А в январе 1478 года нижняя палата парламента единогласно приняла обвинительный билль и в отношении Георга Кларенса, которому предъявили обвинение «В ПОСЯГАТЕЛЬСТВЕ НА КОРОНУ И В НЕПОСЛУШАНИИ КОРОЛЕВСКОЙ ВОЛЕ». (Ну и где тут про колдовство?). И это ещё раз доказывает, что инициатором обвинения была королева, поскольку эта формулировка полностью отражает её точку зрения и соответствует занимаемой ею позиции в этом конфликте, – полностью отражает все её страхи и подозрения, подавшие повод для клеветнических инсинуаций, – отражает её намеренье выставить Кларенса, бунтовщиком и предателем, потенциальным узурпатором трона, чтобы затем УСТРАНИТЬ ЕГО, как главного своего врага, из-за которого она не может считать своё положение при дворе достаточно прочным (а своё место в системе – достаточно преимущественным).

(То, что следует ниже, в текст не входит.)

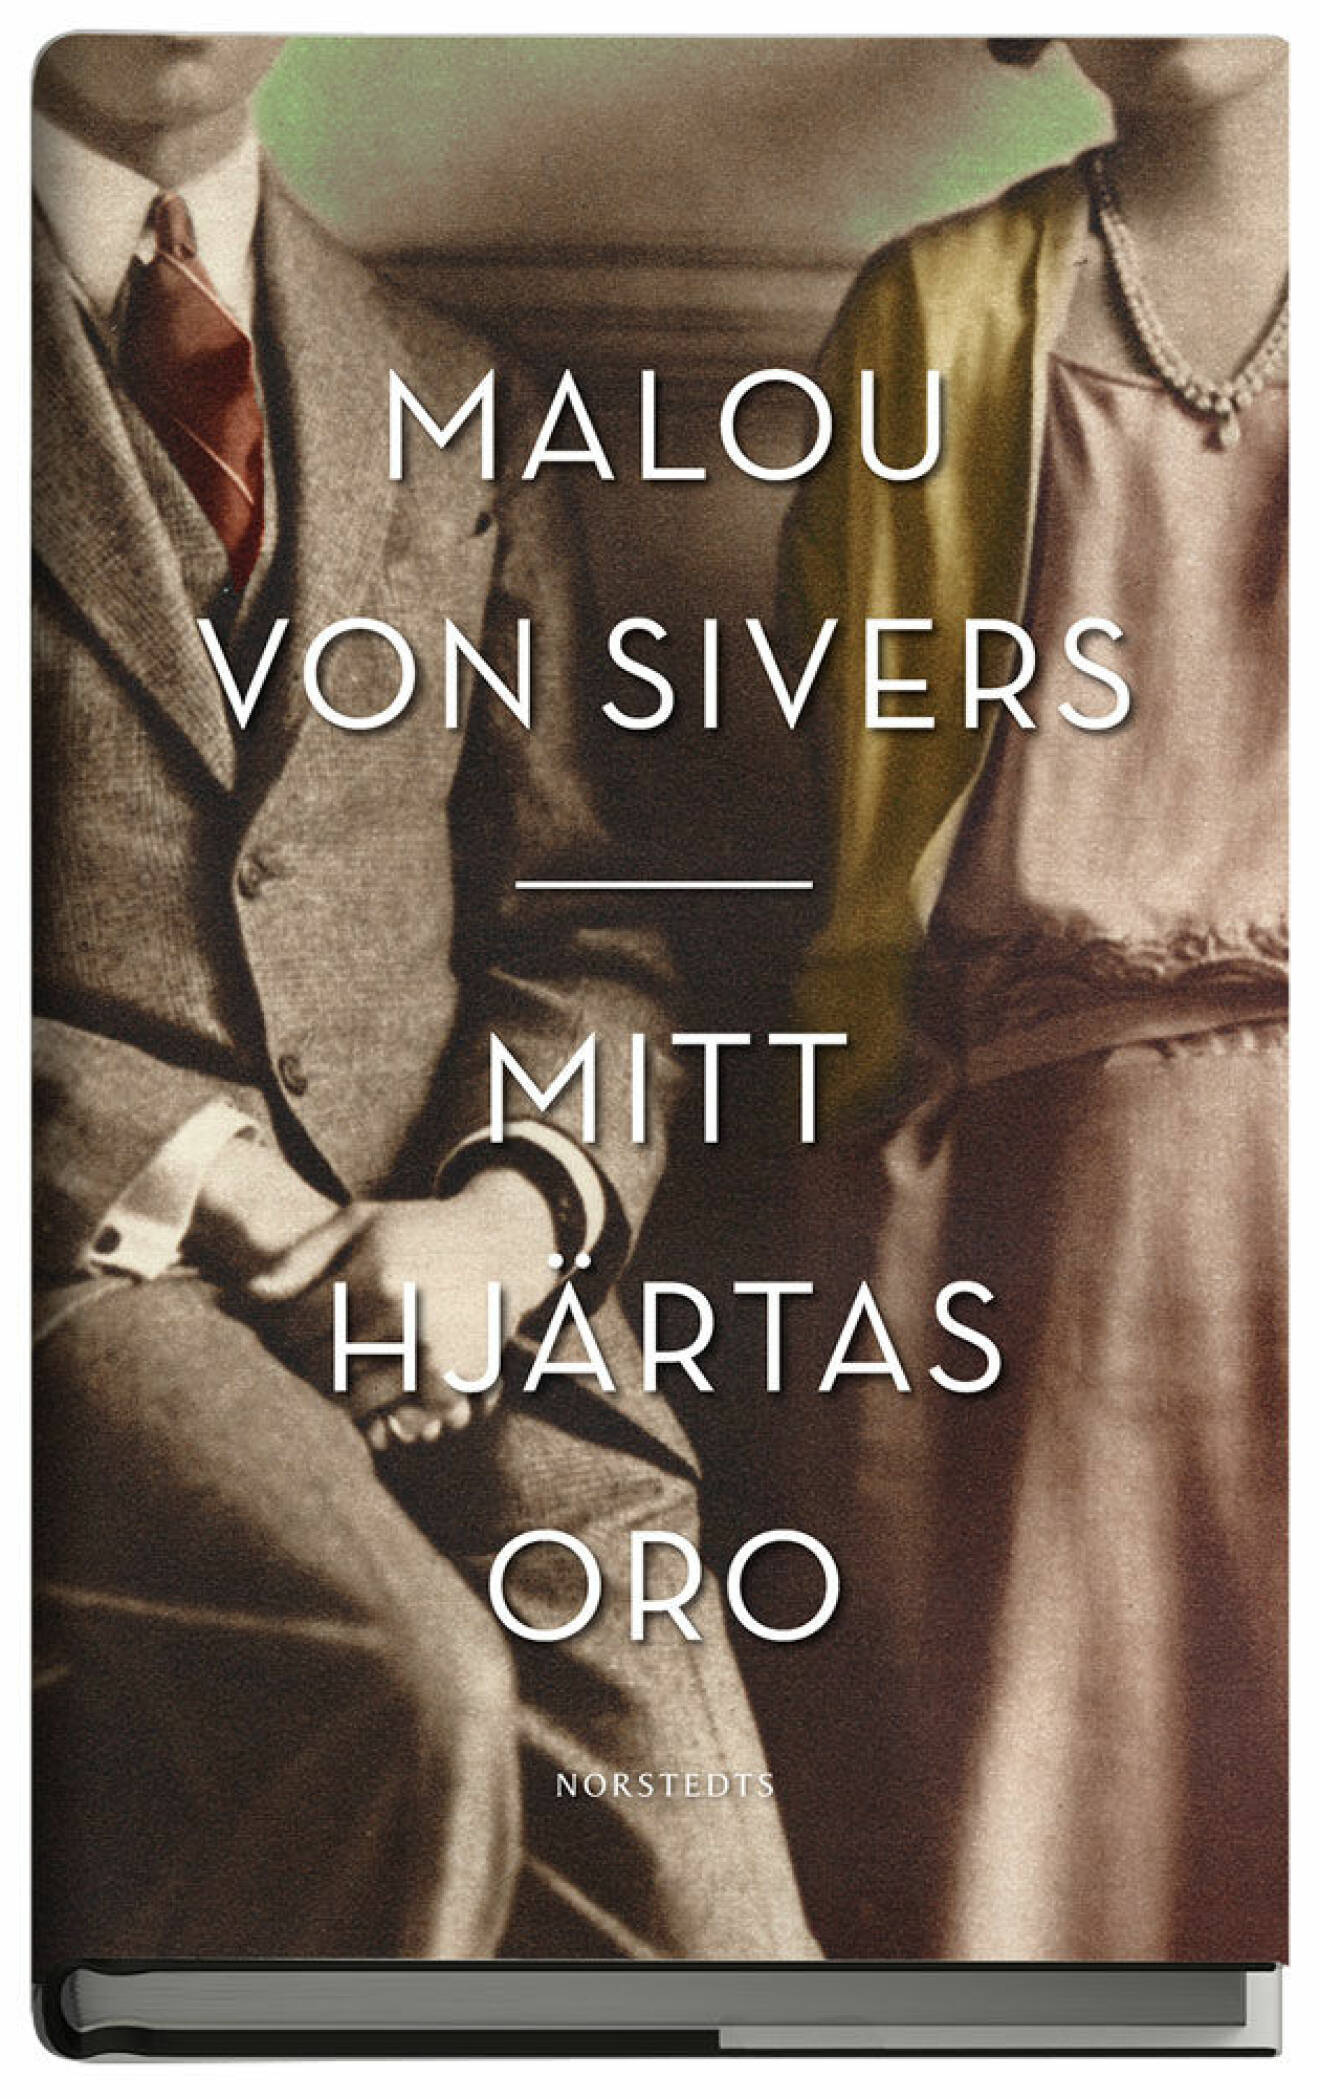 Familjehistorien Mitt hjärtas oro av Malou von Sivers

16 января 1478 года, парламент собрался, чтобы судить Кларенса по обвинению в измене. Эдуард был единственным и главным обвинителем, а Кларенс один выступал в свою защиту.

Судебное заседание сопровождалось скандалом, разгоревшимся между Эдуардом и Георгом Кларенсом, отчаянно боровшемся за свои права. (Из-за чего, по-видимому, сложилось мнение, что герцог Кларенс был репрессирован вследствие ссоры с королём, а не потому что был затравлен королевой. Известно также и то, что Кларенс сам обострил конфликт: начал распространять слухи о том, что Эдуард был плодом прелюбодеяния – незаконной связи герцогини Йоркской и неизвестного лучника, – то есть, припомнил собственное заявление своей матери, герцогини Йоркской, сделанное ею во всеуслышанье, вскоре после свадьбы Эдуарда. Но в дополнение ко всему, – что и насторожило леди Вудвилл, – он подверг сомнению законность её брака с Эдуардом – и этим сам себя подвёл под обвинение, – сам подписал себе смертный приговор).

В архивах судебных дел по обвинению в государственной измене, составленных с 1162 по 1600 год, и по сей день можно найти подробное описание дела герцога Кларенса, дополненное выдержками из исторических справок и текстов. Там же представлен и билль об опале герцога Кларенса.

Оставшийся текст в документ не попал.